FOXN1 Il plasmide di attivazione CRISPR (h) fornisce un approccio mirato e non distruttivo per sovraregolare l'espressione endogena di FOXN1 senza alterare la sequenza di DNA sottostante.
FOXN1 Il plasmide di attivazione CRISPR (h) è un sistema SAM (mediatore di attivazione sinergico) a tre plasmidi progettato per la sovraregolazione trascrizionale altamente efficiente e sito-specifica del locus FOXN1 nelle linee cellulari umane. Il sistema è costruito attorno a una Cas9 cataliticamente inattiva (dCas9) che porta due mutazioni inattivanti (D10A e N863A) che eliminano l'attività nucleasica preservando al contempo il legame con il DNA. Questa dCas9 è fusa con VP64, un potente attivatore trascrizionale, ed è coespressa con un gene di resistenza alla blasticidina per la selezione. Il secondo plasmide codifica la proteina di fusione MS2-p65-HSF1, un complesso attivatore secondario che agisce in sinergia con dCas9-VP64, insieme a un gene di resistenza all'igromicina. Il terzo plasmide codifica un sgRNA specifico per il bersaglio di 20 nt fuso a due aptameri di RNA MS2 che reclutano il complesso MS2-p65-HSF1 nel sito di attivazione, accompagnato da un gene di resistenza alla puromicina. I tre plasmidi vengono somministrati in un rapporto di massa 1:1:1 per un'espressione bilanciata di tutti i componenti del sistema.

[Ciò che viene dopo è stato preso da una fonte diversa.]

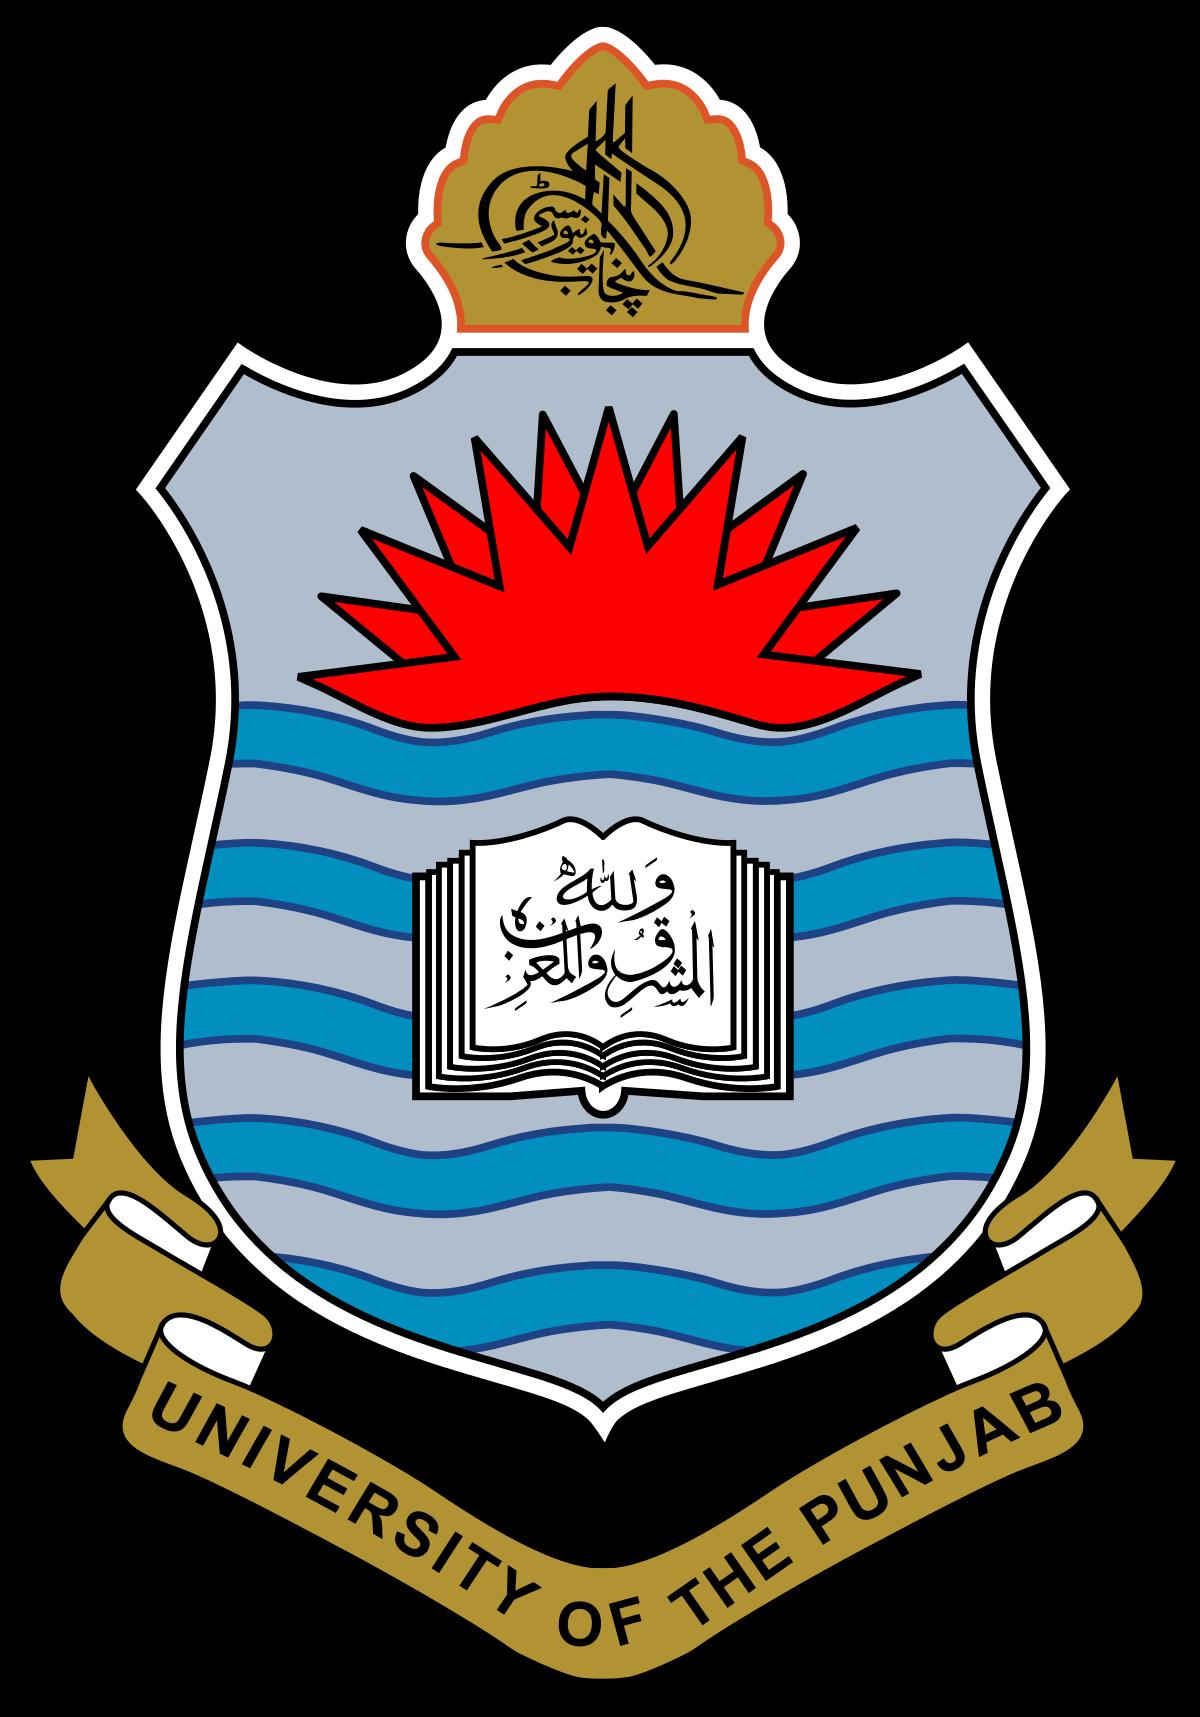 Punjab University Roll Number Slip 2018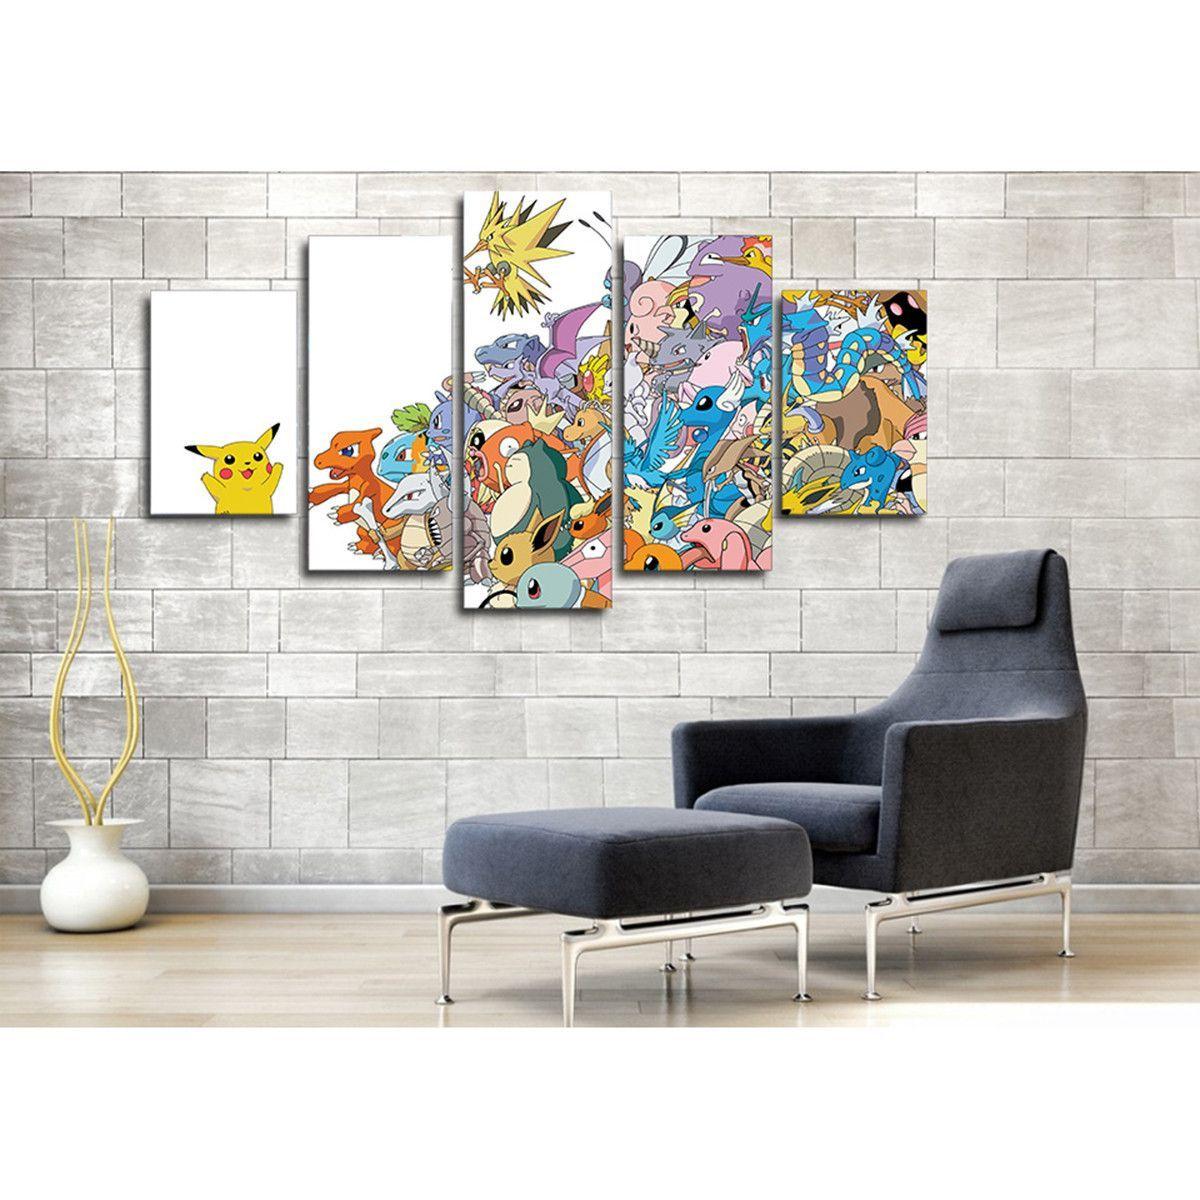 Pokemon 5pcs Large Canvas Print Art Painting Picture Home Decor Wall ...

Una volta assemblato nel locus bersaglio, il complesso SAM si lega a circa 200 bp a monte del sito di inizio della trascrizione FOXN1, dove VP64, p65 e HSF1 agiscono in modo concertato per reclutare il machinery trascrizionale e guidare la sovraregolazione dell'espressione endogena di FOXN1. A differenza della Cas9 con attività nucleasica, dCas9 non introduce rotture a doppio filamento né modifica la sequenza genomica, preservando il locus FOXN1 nativo e consentendo lo studio delle risposte trascrizionali dipendenti da FOXN1 nel locus endogeno, rendendolo uno strumento prezioso per studi funzionali, l'identificazione di geni bersaglio e la modellizzazione del ripristino della via FOXN1 nelle cellule tumorali con espressione di FOXN1 silenziata o ridotta.
Solo per uso di ricerca. Non destinato a uso diagnostico o terapeutico.